Descrevemos a preparação de fator de crescimento de células T utilizado para a expansão in vitro de antígeno-específica de linfócitos T linhas rato.
Abstract
Manutenção de antígeno-específicas linhas de células T ou clones na cultura exige rodadas de antígeno-induzida ativação separados por fases de 1,2 expansão celular. Adição de interleucina 2 para o meio de cultura durante a fase de expansão é necessária para evitar a morte celular e suficiente para manter a curto prazo linhas de células T, mas foi mostrado para aumentar a polarização Th1 3. Substituição de interleucina 2 pelo fator de crescimento de células T (TCGF), que contém uma mistura de citocinas é mais eficaz do que a interleucina 2 na manutenção a longo prazo linhas de células T in vitro 3. Além disso, TCGF pode ser facilmente preparado em grandes quantidades no laboratório e é muito mais barato do que a interleucina 2 recombinante.

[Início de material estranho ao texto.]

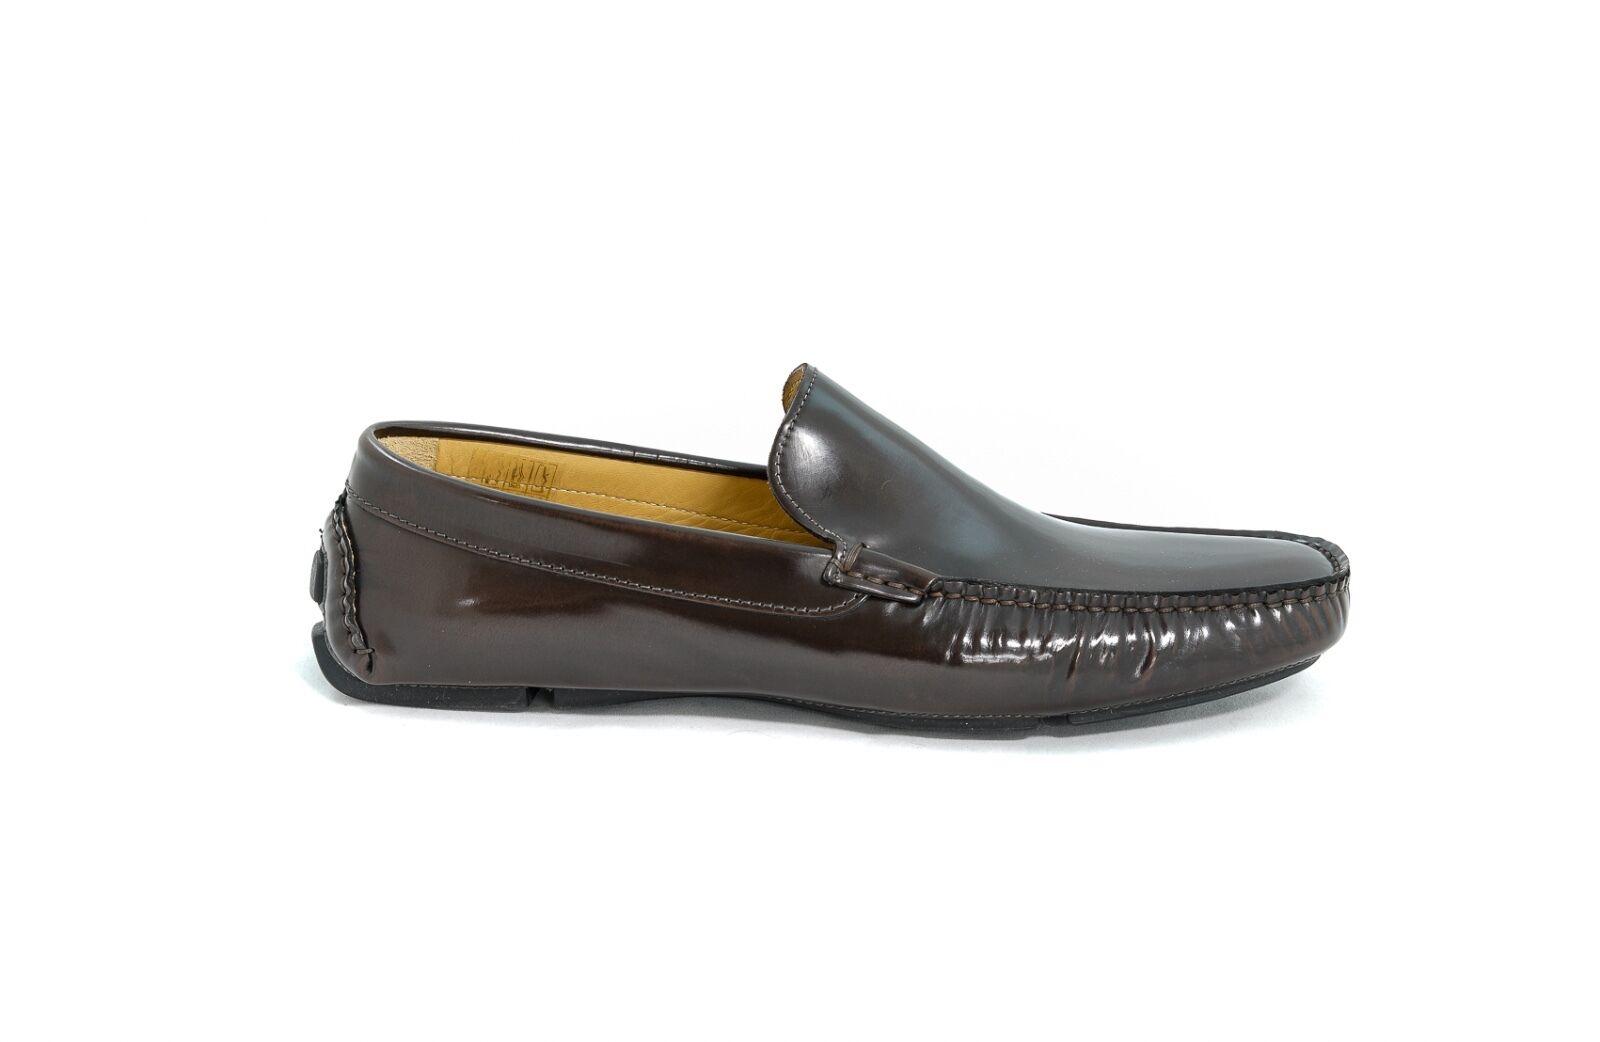 Romeo Gigli Milano Mens Dark Brown Leather Loafers New in Box - RG9015313
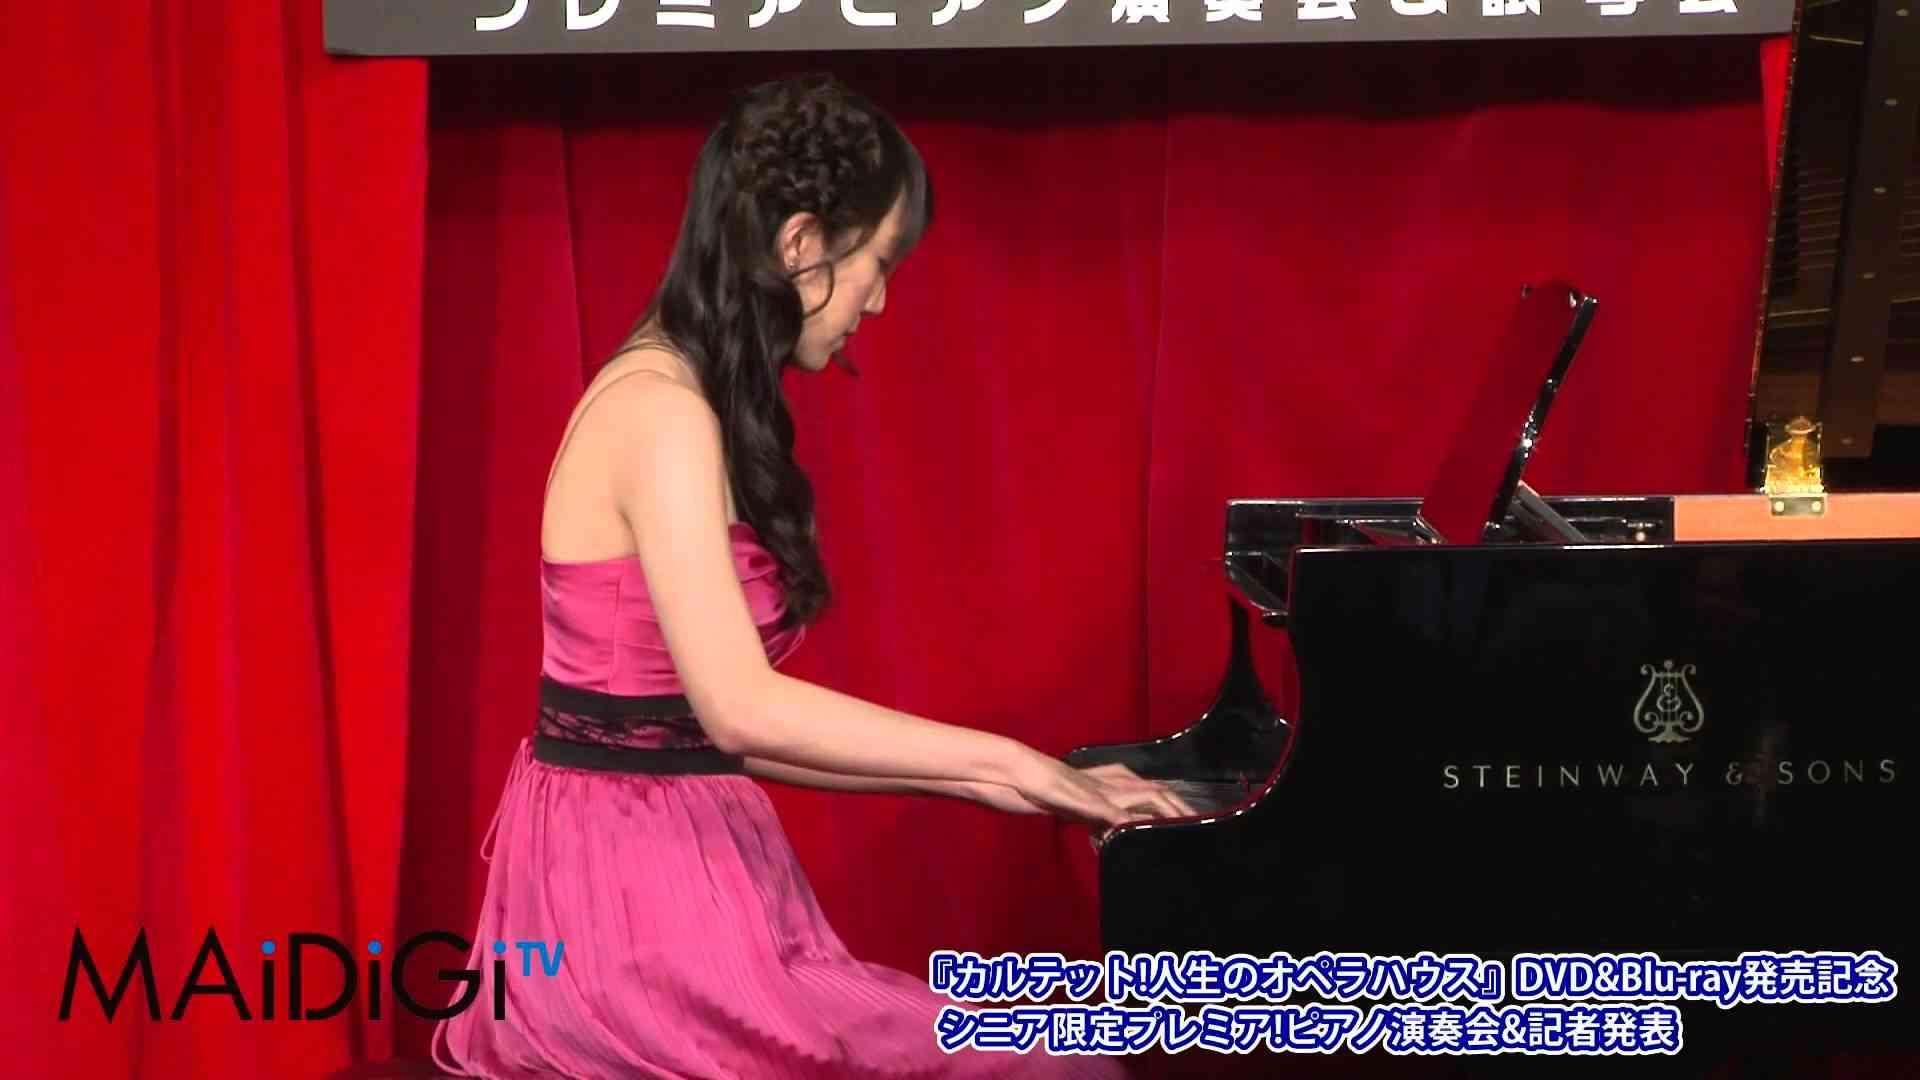 AKB48  松井咲子 がピアノを披露! 『カルテッ卜!人生のオペラハウス』DVD&Blu ray発売記念 - YouTube

Aqui, vamos mostrar como preparar TCGF sobrenadantes de esplenócitos de ratos cultura. Para este procedimento, colhemos baços de ratos Lewis ingênuo sacrificados para timo e coleta de sangue. Nós preparamos uma única célula suspensões de baço, Lyze as células vermelhas do sangue por choque osmótico, ea semente da esplenócitos em meio de cultura. As células são estimuladas com concanavalina A, um mitógeno que os não-seletivamente ativa todos os linfócitos T de ratos, induzindo a produção de citocinas. A cultura é supernantant coletadas 48 horas depois concanavalina A andexcess é obrigado a alfa metil mannoside para impedi-lo de ativar linhas de células T para que TCGF será adicionado. O TCGF é então filtrado estéril, aliquotado e armazenado a -20 ° C.
Protocol
Tome baços de ratos Lewis (ratos entre 160-200g são os melhores). Dilacerar no gelo numa placa de Petri contendo PBS + antibióticos (PBS-PS) usando um filtro de células. Coloque em um tubo de 50 ml. Preencher com PBS-PS. Giro por 10 min a 4 ° C para agregar as células. Lave as células duas vezes. Ressuspender o sedimento em NH 4 Cl 0,15 M (5 ml por baço). Misture delicadamente e de forma contínua com uma pipeta de 3 min no gelo para lisar as hemácias. Encha o tubo com …
Discussion
Nós preparamos TCGF de esplenócitos de ratos Lewis, uma vez que regularmente euthanize ratos ingênuos a partir desta cepa para a colheita de soro e thymi para estimular ratos Lewis linhas de células T in vitro. Este TCGF pode ser usado para promover o crescimento ea sobrevivência de linhagens de células T das estirpes outro rato. TCGF também podem ser preparados a partir de outras linhagens de ratos.
Disclosures
The authors have nothing to disclose.
Materials
Material Name
Type
Company
Catalogue Number
Comment
PBS, 1x, sterile
Reagent
Gibco / Invitrogen
14040-182
Penicillin / Streptomycin 100x
Reagent
Sigma
P0781
Add 5 ml of 100x solution to 500 ml PBS to prepare PBS-PS
Cell strainer, 70 um diameter
Tool
Fisher
08-771-2
Ammonium Chloride (NH4Cl)
Reagent
Sigma
A0171
Prepare a 0.15 M solution in sterile distilled water, keep cold
RPMI 1640
Reagent
Gibco / Invitrogen
21870-092
Fetal Bovine Serum (FCS, FBS)
Reagent
Gibco / Invitrogen
16140-071
Heat-inactivated
Penicillin / Streptomycin / L-Glutamine
Reagent
Cambrex / Biowhittaker
17-718R
PSG
RPMI vitamins, 100x
Reagent
Sigma
R7256
Sodium pyruvate, 100x
Reagent
Sigma
S8636
Non-essential amino acids, 100x
Reagent
Sigma
Beta-mercaptoethanol
Reagent
Sigma
M7522
alpha methyl mannoside
Reagent
Sigma
M6882
Concanavalin A
Reagent
Sigma
M6882
To prepare complete culture medium add the following to a 500 ml bottle of RPMI 1640 and sterile-filter: 10% FCS; 1 bottle of PSG; 5 ml RPMI vitamins; 5 ml sodium pyruvate; 5 ml non-essential amino acids; 50 uM beta-mercaptoethanol; 2 ug/ml Concanavalin A.